Não há, porém, uma lista taxativa de fatores que possibilitam a previsibilidade dos tribunais e legitimam-no a não aplicação de determinada ratio. Entretanto, Macêdo (2013, p. 402) apresenta alguns fatores mais típicos, quando há: “(i) erosão do precedente; (ii) sinalização da sua superação; e, (iii) inconsistência com os precedentes do tribunal superior”.

A erosão decorre da superveniência de normas incompatíveis com a ratio, retirando a consistência sistêmica daquele precedente. Por outro lado, a sinalização demonstra que a Suprema Corte está na espera de um caso apropriado para realizar o overruling. O último fator decorre da incompatibilidade e desarmonia de um específico precedente com as demais decisões do Tribunal, permitindo-se concluir que aquele precedente será revogado.

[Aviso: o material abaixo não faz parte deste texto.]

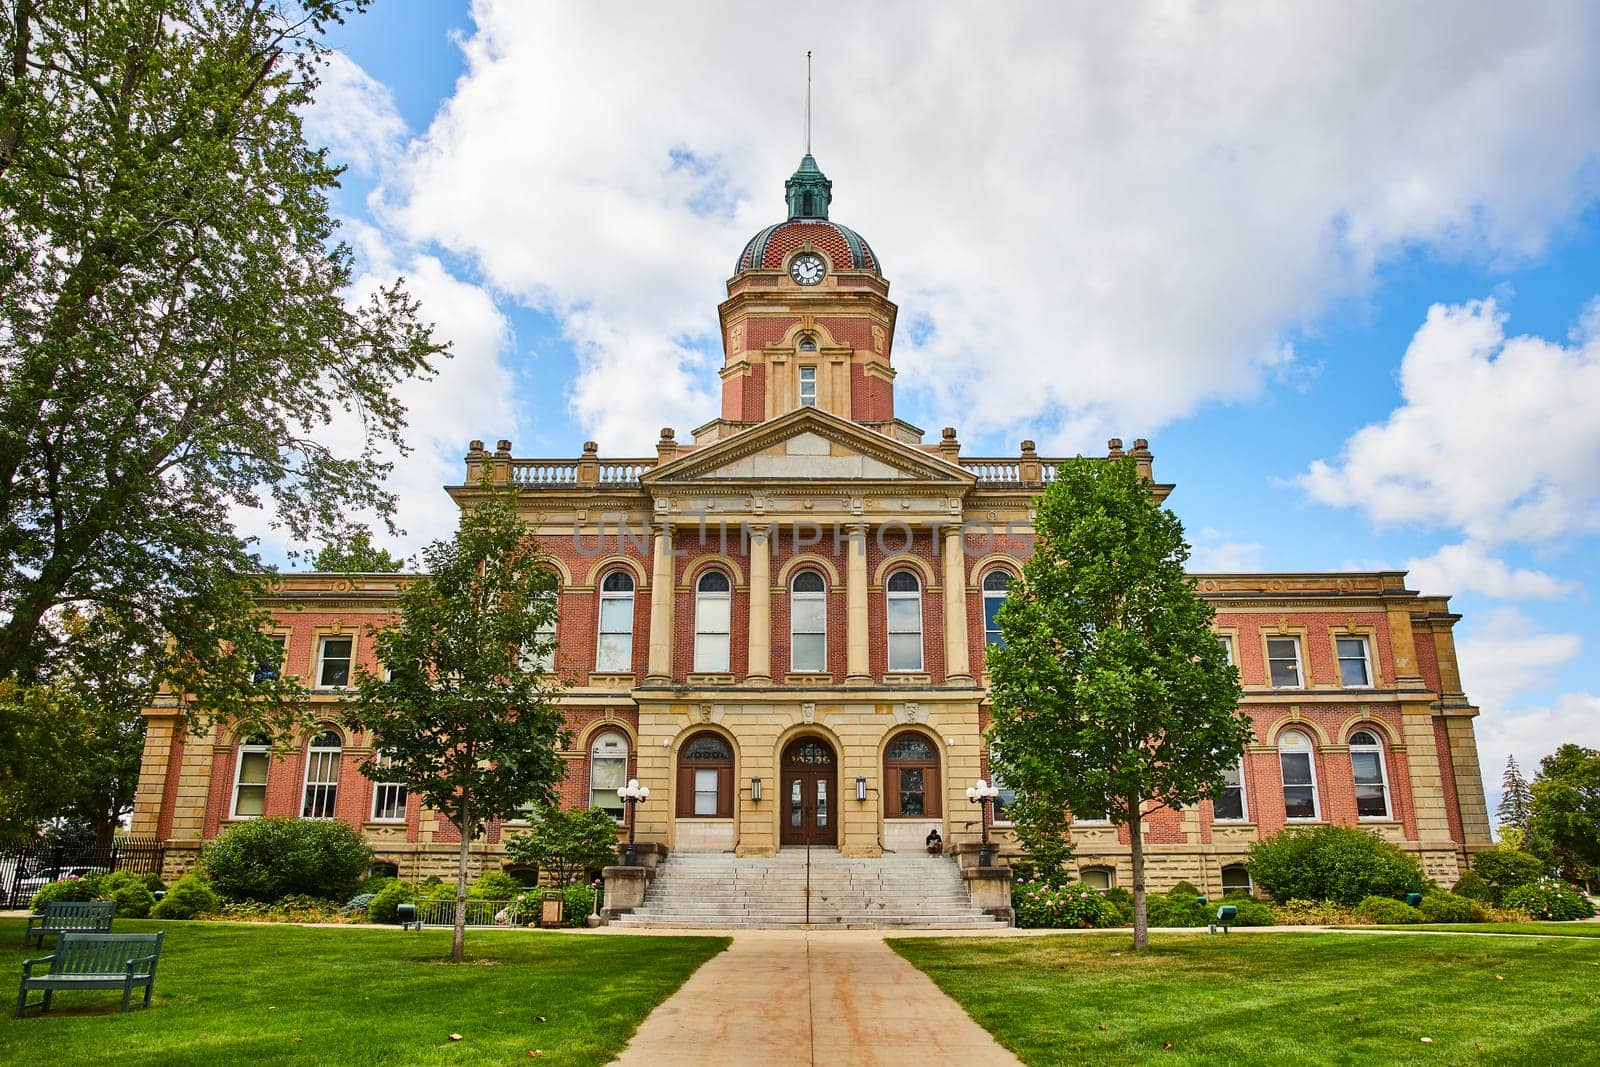 Image of Elkhart County courthouse on bright summer day with cloudy blue sky, law and order, Indiana

Sobre o assunto, Marinoni (2013, p. 408) ensina que “Por mais paradoxal que possa parecer, a legitimidade do antecipatory overruling advém do dever de a Corte de Apelação se comportar de acordo com a Suprema Corte”.

Corroborando com este posicionamento, Ataíde Jr. e Peixoto (2014, p. 290), apontam a possibilidade de aplicação do antecipatory overruling no direito brasileiro desde que

presentes os fundamentos que justificam a utilização do instituto e, sem haver o descuido quanto à necessidade de um forte ônus argumentativo por parte das Cortes inferiores em demonstrar a forte probabilidade de revogação do precedente pela Corte Superior.

Assim sendo, entende-se que as três técnicas intermediárias – técnica de sinalização, overriding e antecipatory overruling – devem ser internalizadas ao sistema jurídico brasileiro, porquanto auxiliam no desenvolvimento do direito, conferindo maior flexibilidade e dinamicidade ao sistema de precedentes, ressaltando-se , contudo, que o emprego destas técnicas é condicionado a forte carga argumentativa tanto dos advogados, ao aduzirem a utilização de algumas destas técnicas, quanto dos julgadores, os quais deverão fundamentar intensamente a sentença, apontando às partes e aos jurisdicionados os motivos da utilização ou não de determinada técnica no caso sub judice.

3 CONCLUSÃO

Diante do que foi apresentado neste artigo, foi possível identificar que os precedentes não possuem eficácia “ad eternum”, pois, se contrário fosse, o direito que aplicasse essa teoria perderia a sua dinâmica com passar dos anos, tornando uma ciência incompatível com a realidade social. Por esse motivo, existem técnicas que permitem as partes na lide discutir a aplicação de determinado precedente judicial, bem como a sua superação, consoante aqui estudado. Dessa forma, um precedente não terá congruência social quando violar valores morais, políticos e sociais. Será, por outro lado desprovido de consistência sistemática quando não possuir adequação com as decisões recentes do Tribunal.